Som de pessoas conversando.
Entra Joe.
JOE
(aos gritos)
SILÊNCIO!
Todos se assustam. Silêncio.
JOE
(cochichos de fundo)
Sou o professor Joe Hans Einza,
Azurita passou mal agora no
intervalo e pediu pra eu dar essa
aula. Sou doutor em Filosofia da
Náusea.
12.
JOE
(apontando para um aluno que
ria no fundo da sala)
Você aí! Qual o tema da aula de
hoje?
ALUNO
O professor Azurita ia começar a
falar sobre ética.
JOE
(abre um pacote de castanhas
e começa a comer)
Hum, okay...
JOE
(de boca cheia)
E o que vocês me dizem sobre,
ahn, ética?
Todos em silêncio, com olhar sonolento.
Foco no rosto de Joe mastigando,
O plano se abre, o fundo da sala fica preto e um foco de
luz se instaura sobre Joe.
#1
Desenha no ar com o dedo a letra A ligando em pontilhados
com a letra B.
JOE
(seguindo com o dedo do
ponto A ao B)
O ponto A é o nascimento e o
ponto B é a morte.
Acende um cigarro, dá uma tragada longa e esbafora uma
densa fumaça em cima do desenho apagando-o.
JOE
Ética serve para percorrer esse
trajeto sem ser preso. Se alguém
aqui tiver cérebro não deve haver
dúvida até agora.
Bem, de acordo com a Filosofia da
Náusea, a ética tem uma função
sócio-higiênica bem clara e
específica. Vejamos...
Joga a bituca do cigarro no chão e continua.

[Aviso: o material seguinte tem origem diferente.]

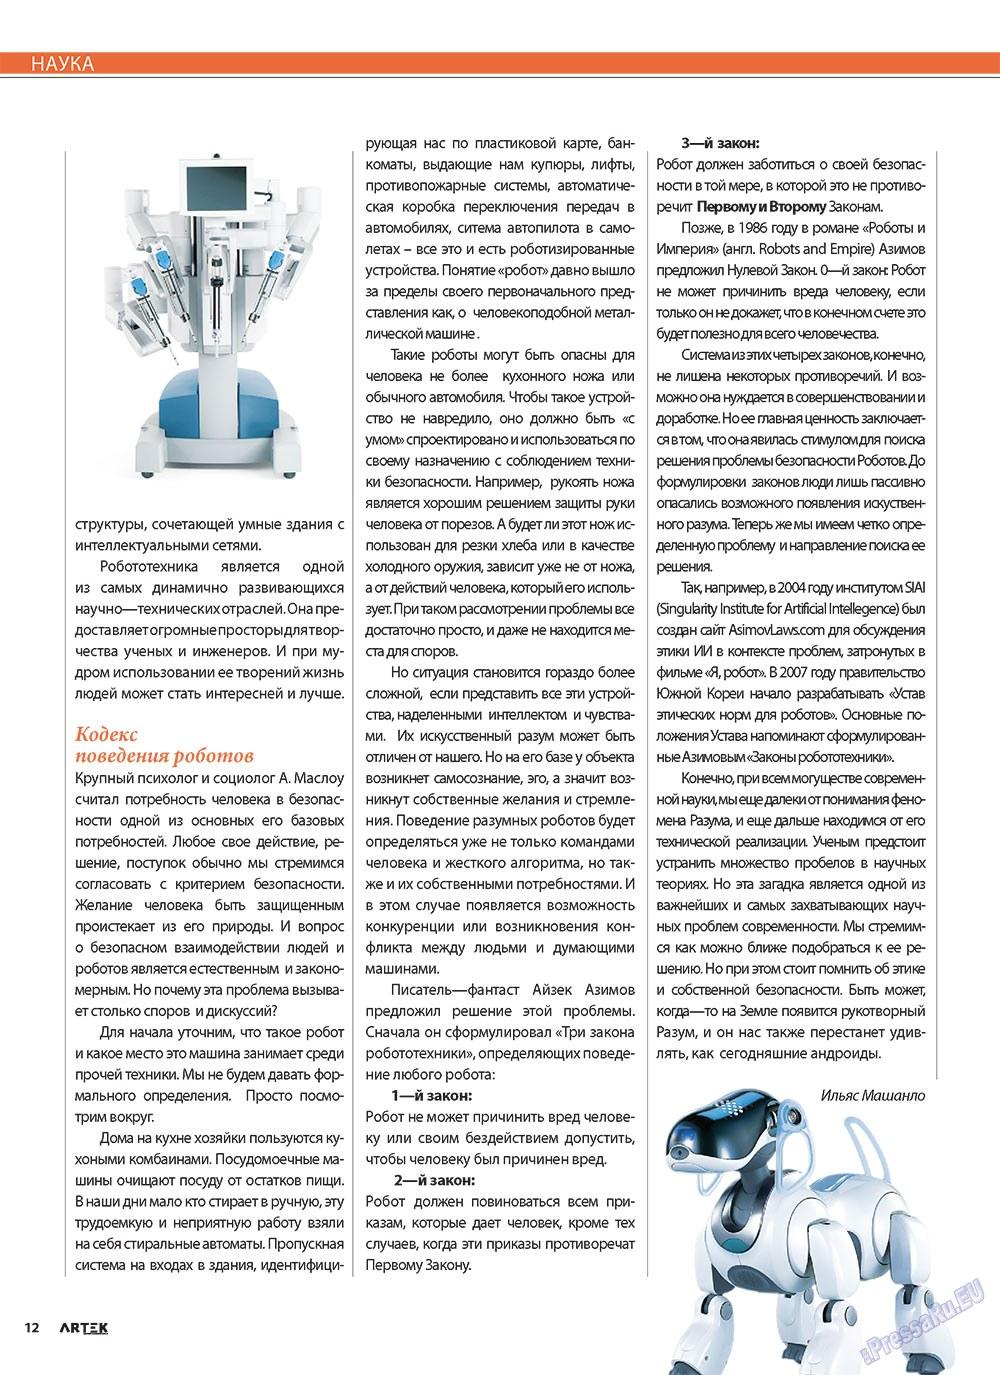 Артек (журнал). 2010 год, номер 6, стр. 14

Vamos supor que a existência seja
uma goiaba, que o homem seja o
verme da goiaba do ser.
Temos a goiaba em si e a
representação subjetiva dessa
mesma goiaba, uma realidade
criada por nós, vermes.
13.
Aparece a imagem de uma goiaba centralizada. Nos
aproximamos dela até “entrar”. Dentro há um homem nu
comendo as “paredes”/polpa da goiaba.
O plano se abre e vemos que de sua bunda sai um excremento
que vai direto grudar nessa parede da goiaba. O homem
rasteja e come esta “parede”/polpa.
JOE (V.O.)
Para transcender a realidade
subjetiva dos fenômenos, a
ciência nos ensinou a olhar pra
trás: com isso, vemos um rastro
de excrementos concretos, a
história de nossas vidas - aquilo
que chamo de sentido-esgoto,
ligando os pontos A e B.
O excremento que sai da bunda do homem se liga nos pontos
de A a B do desenho.
JOE (V.O.)
Então, a vida constitui-se
enquanto um movimento de
transmutação, convertendo a
essência do ser-goiaba em
essência fecal, um fenômeno
concretamente cagado. Aqui entra
a ética como ferramenta de
controle intestinal. Imaginem se
todos pudessem defecar
livremente, em qualquer canto,
sem qualquer critério. Tudo
descambaria numa grande
incontinência intestinal.
Então, a ética é para evitar que
o excremento-para-si se converta
em excremento-para-o-outro. Quem
não conseguir se segurar, quem
borrar as calças, vai preso.
Outros homens aparecem dentro dessa goiaba, cada um com um
tipo de sonda da bunda para a própria boca.
#2
Foco no rosto de Joe. Plano se abre lentamente.
JOE
A ética, então, é aquilo que
recicla e restringe o alcance de
nossos resíduos intestinais,
trazendo-os para nós novamente,
para que assim a vida em
sociedade seja possível sem que
os vermes defequem uns nos outros
o tempo todo.
14.
Volta a ser uma sala de aula
Todos da sala estão olhando-o fixamente. Uma aluna se
levanta e sai da sala.
JOE
(acompanhando com o olhar a
aluna sair)
Que falta de classe, não? Mas já
acabou mesmo...
Bem, por hoje isso é tudo. Para a
próxima aula quero que escrevam
uma dissertação respondendo a
seguinte questão
ético-intestinal: Por que se
segurar?
CORTA PARA
24. INT. UNIVERSIDADE - LANCHONETE - DIA
JOE
(apontando para o cardápio)
Quero isto.
#1
Através do vidro Joe vê o cozinheiro sovando a massa: um
homem muito gordo usando regata branca suja, braços e
costas peludas, careca e rosto oleosos e bigodes
ensebados.
O braço do cozinheiro começa a se misturar com a massa que
está sovando.
Aos poucos ele vai sendo engolido por essa massa.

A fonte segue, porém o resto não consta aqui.